[What this task involves] The lines below from the one with "F:\семья на сидим дома\2 (2).jpg" up to and including the one with "Top shop bán" are what you should set down, exactly and without pictures.

[Available records]
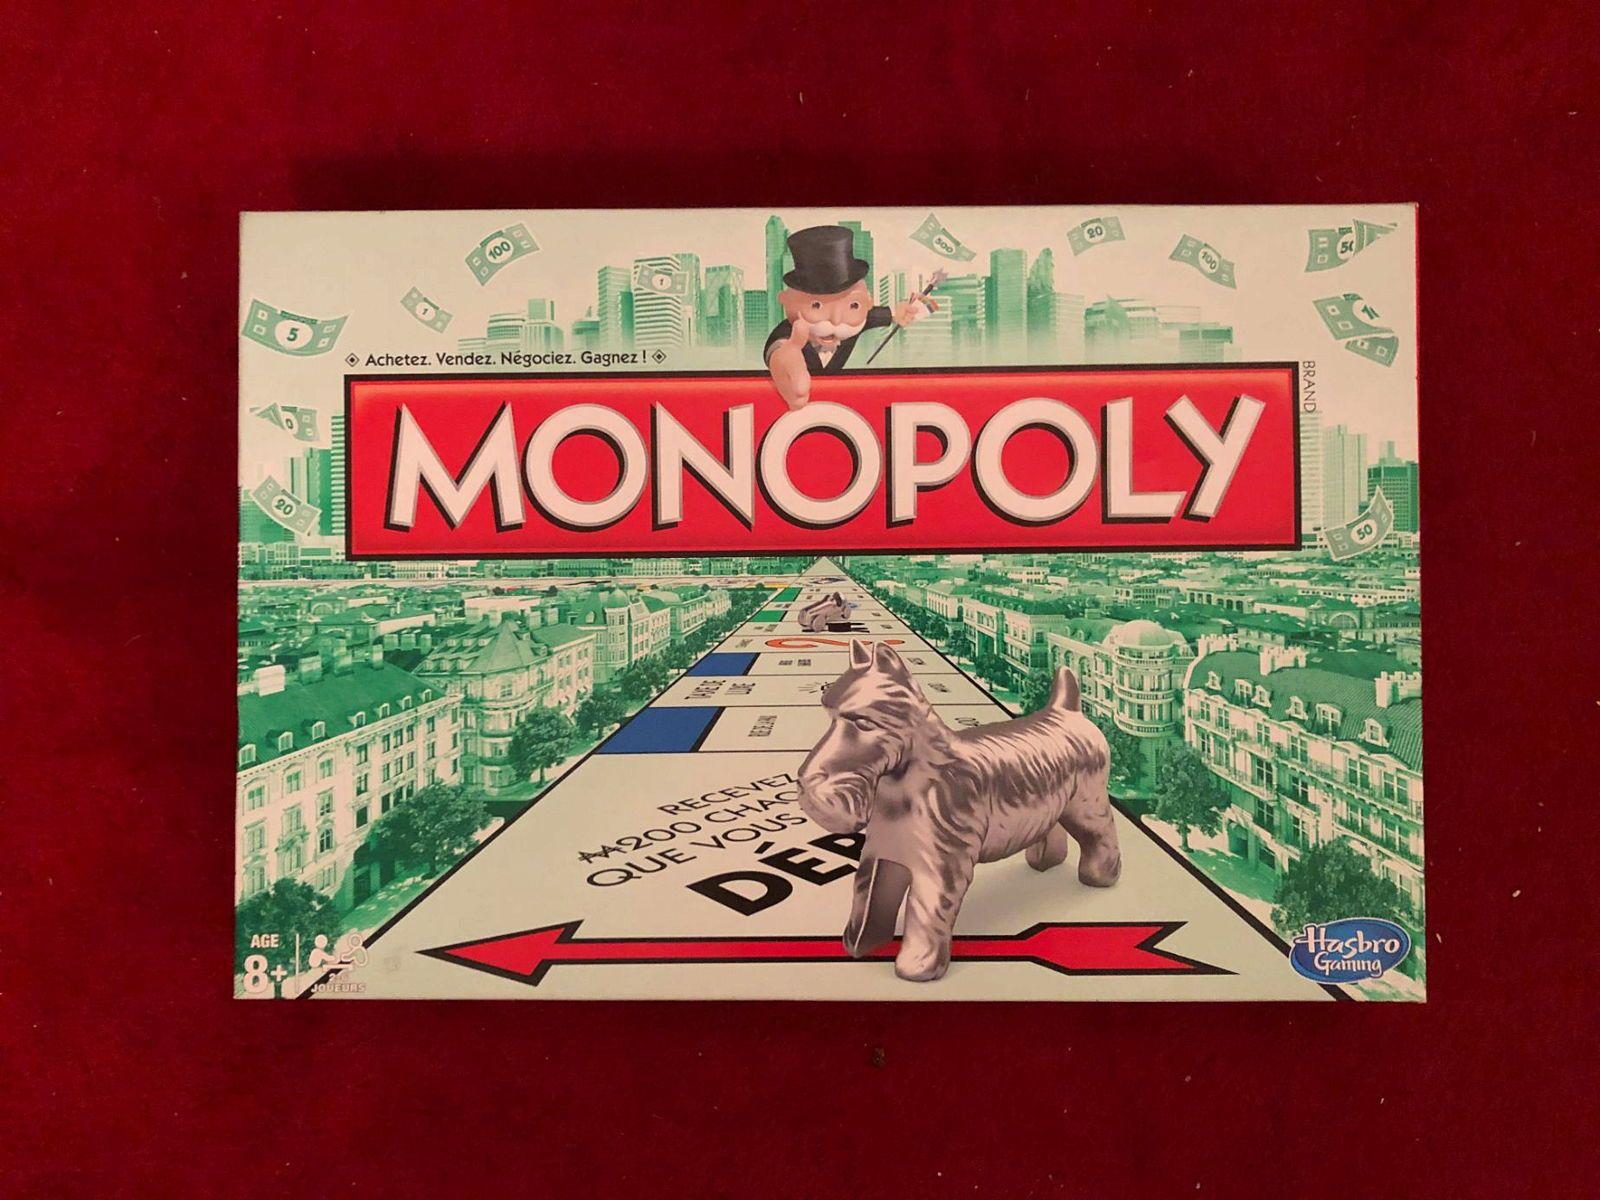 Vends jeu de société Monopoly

...

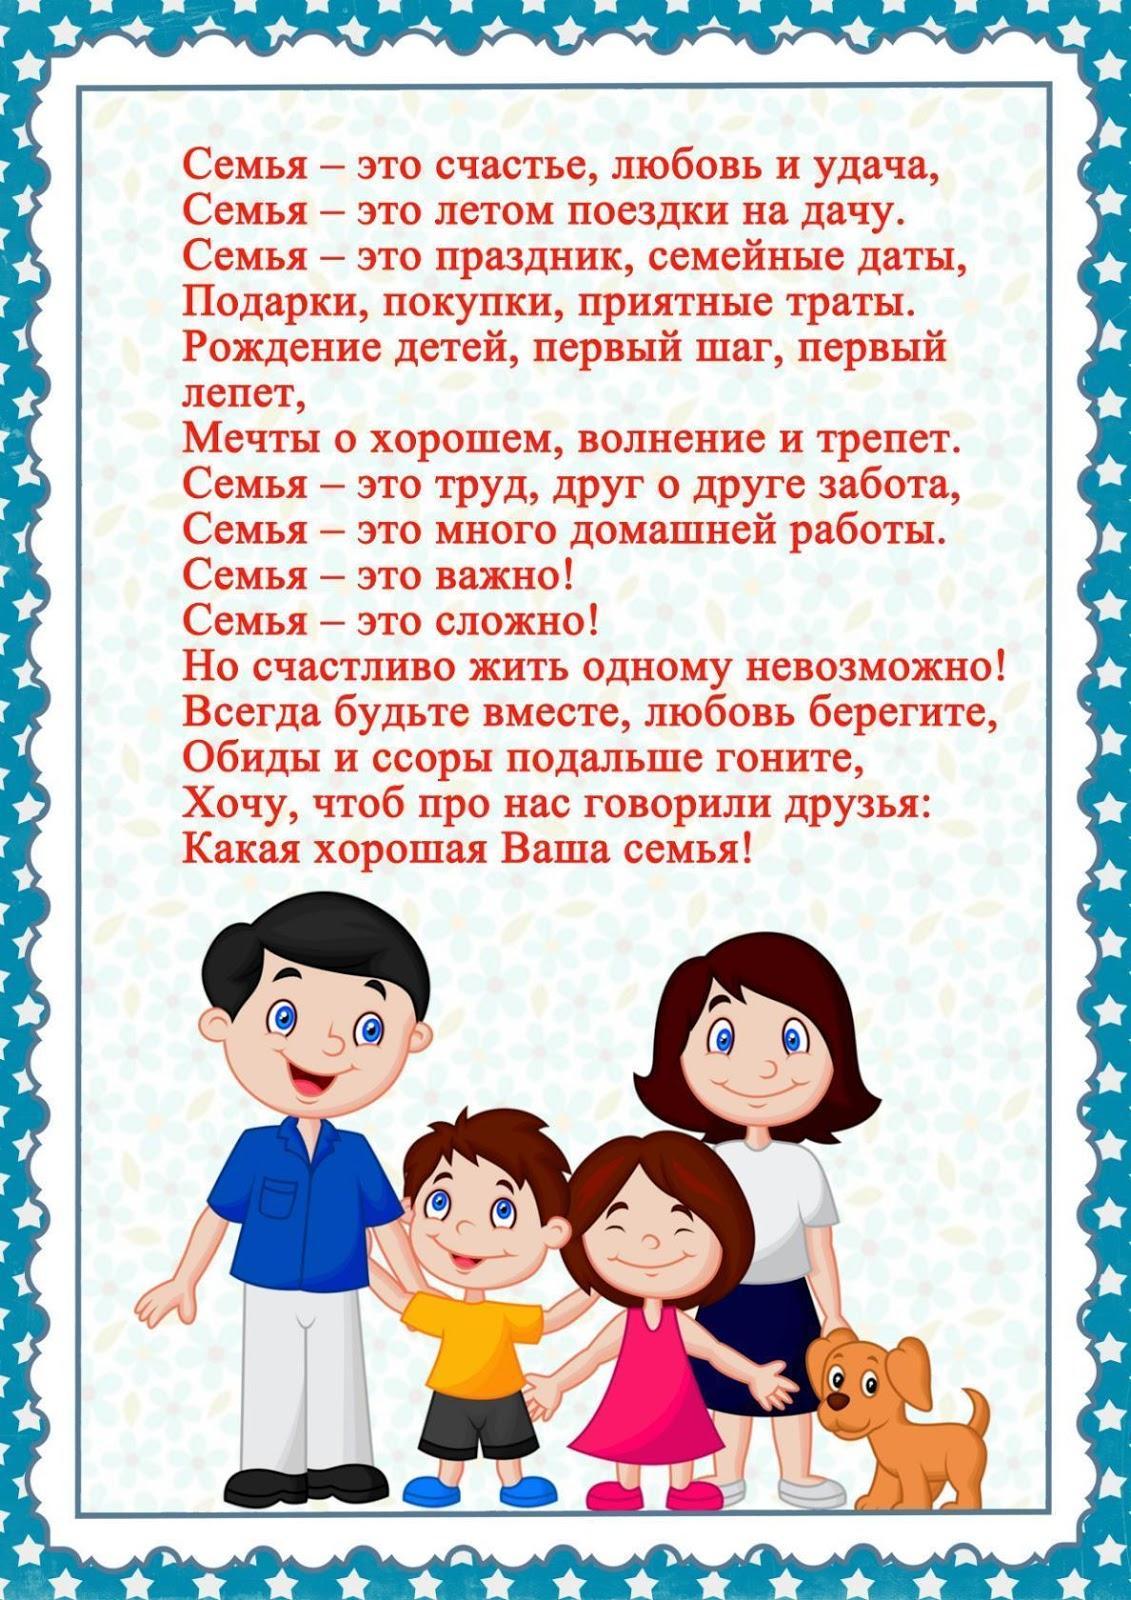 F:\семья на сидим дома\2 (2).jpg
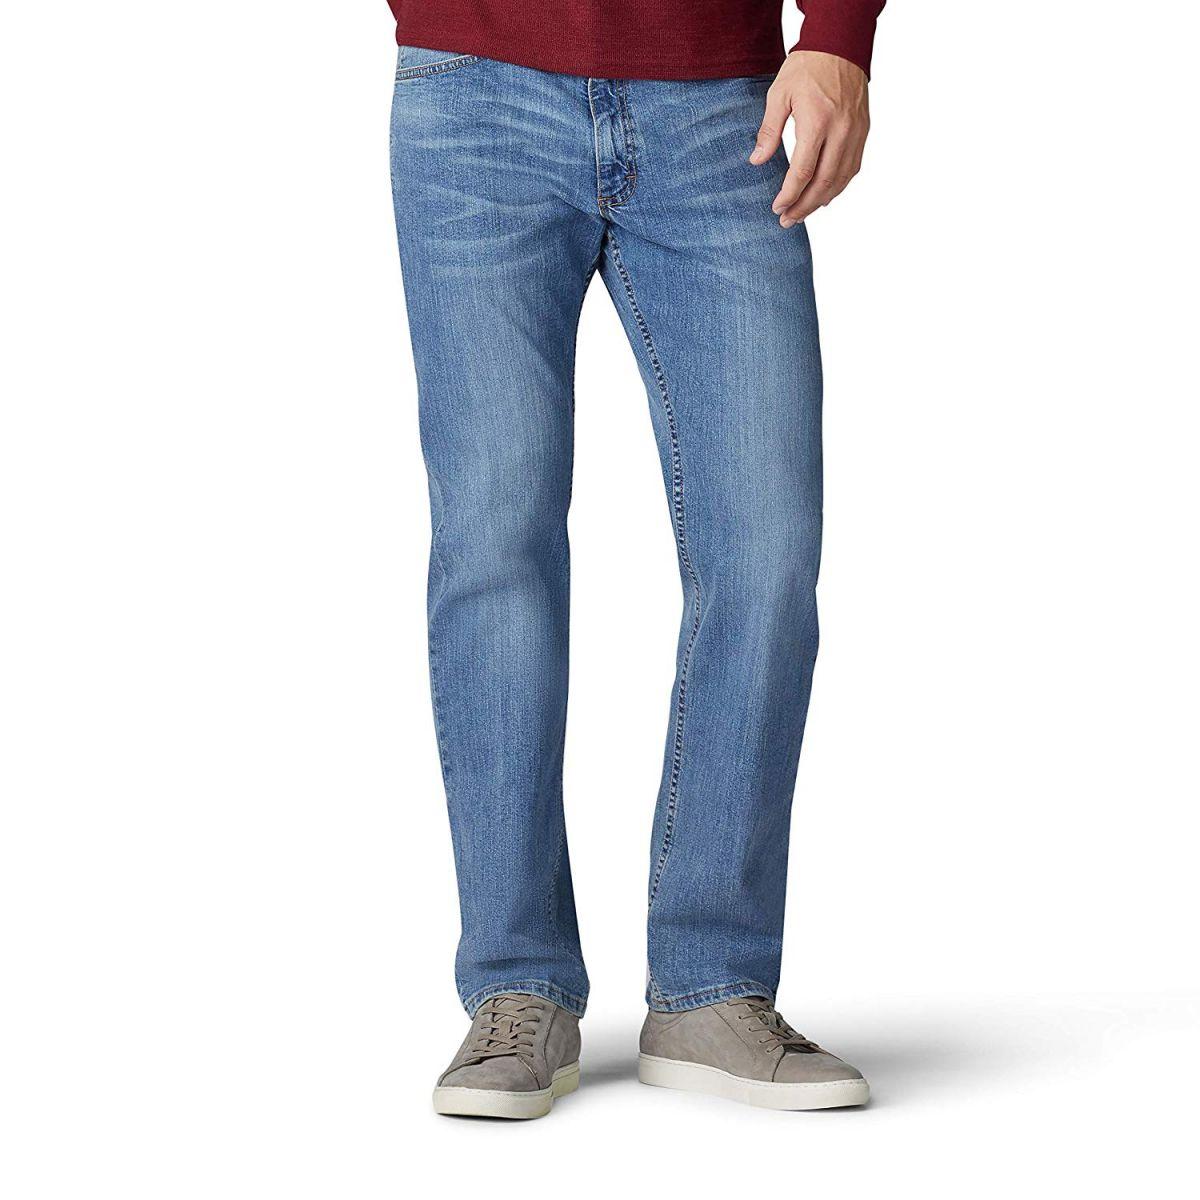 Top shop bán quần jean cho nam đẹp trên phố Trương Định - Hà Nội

[Solved exercise]
 F:\семья на сидим дома\2 (2).jpg
 Top shop bán quần jean cho nam đẹp trên phố Trương Định - Hà Nội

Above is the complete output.